Hikers who yearn to walk to the highest peak in South Carolina, Sassafras Mountain in northern Pickens County, now have a direct access trail up the mountain for the first time.

A long-awaited new two-mile hiking trail opened May 20 that rises more than 800 feet in elevation to the observation tower atop Sassafras Mountain, on the border between the Carolinas. It also marks a continued level of partnership between South Carolina and its neighbors to the north as the trail is almost entirely located in North Carolina.
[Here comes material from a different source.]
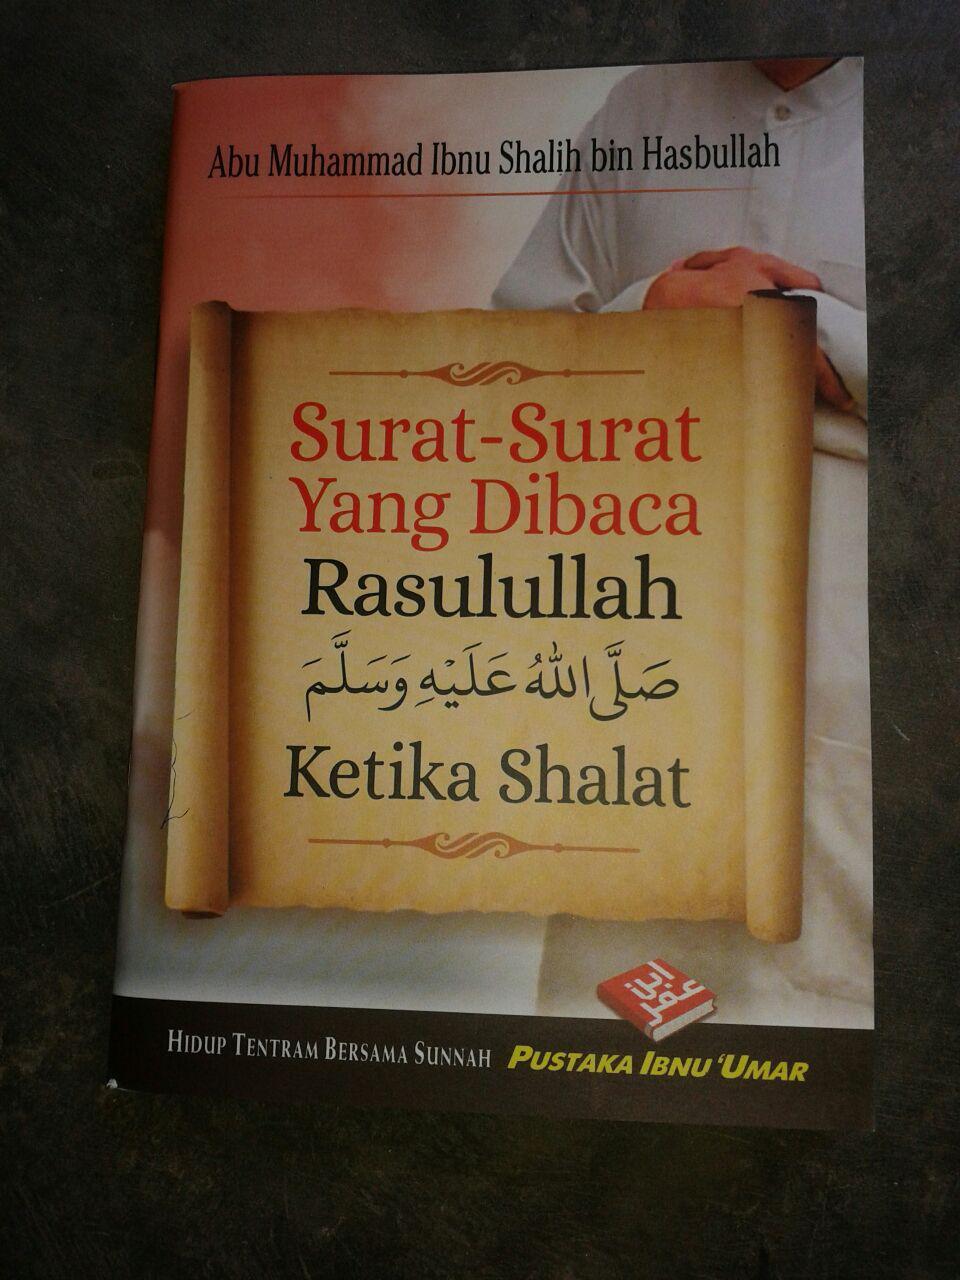 Buku Saku Surat Surat Yang Dibaca Rasulullah Ketika Shalat cover

The new Sassafras Mountain Trail is part of North Carolina’s Headwaters State Forest, managed by North Carolina Forest Service, which now owns and manages the trail that leads to South Carolina’s highest peak. At 3,553 feet above sea level, Sassafras Mountain is the highest point in South Carolina. By contrast, North Carolina has dozens of peaks higher than 5,000 feet, including its tallest, Mount Mitchell at 6,684 feet.

A partnership between the two states fueled by The Conservation Fund, which owned the Headwaters land before it was turned over to the N.C. Forest Service, made the new trail possible.
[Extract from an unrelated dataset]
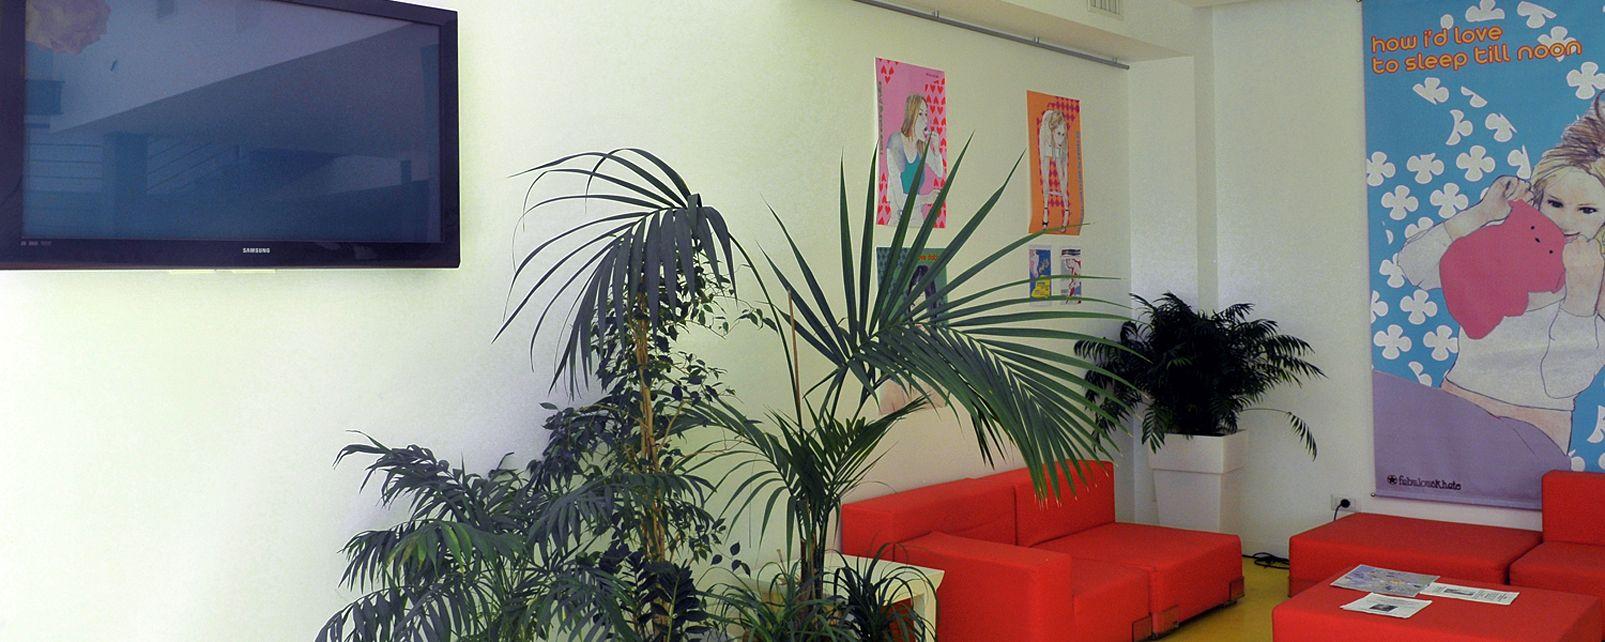 Hôtel Correra 241

It marked the second time in recent years the two states have worked together on a Sassafras Mountain project. When South Carolina officials broached the idea of building an observation tower atop Sassafras, it didn’t have space on the South Carolina side of the line to construct a parking area and tower.

The Conservation Fund gave four acres of land in North Carolina to the state of South Carolina to gain access to the observation tower, which looks out over both states, said Mike Leonard, counsel for The Conservation Fund and a long time conservationist who lives in North Carolina.

Now, South Carolinians can make a gentle hike up a trail built mostly on a former logging road, to the top of Sassafras. The trail winds through a hardwood forest bursting with ferns in an area close to an old drover’s road that ran from Asheville, N.C. to Pickens, S.C.

Trailhead parking in a gravel lot is located at 3573 Glady Fork Rd. in Brevard, N.C. Parking and access to the trail is free. The trail is open from 5 a.m. to 10 p.m. daily to foot traffic only. No bicycles, horses, vehicles or camping are allowed.

Previously, the only trail to the peak of Sassafras Mountain was via a 10-mile route along the Foothills Trail from Table Rock State Park.

The trail builds on the legacy of Greenville conservationist Tommy Wyche, who envisioned protection of the Blue Ridge Escarpment north of Greenville during the 1960s and 1970s. By the late 1990s, 100,000 acres of the escarpment had been conserved in locations many enjoy today, such as Jocassee Gorges, Mountain Bridge Wilderness Area and the Greenville Watershed.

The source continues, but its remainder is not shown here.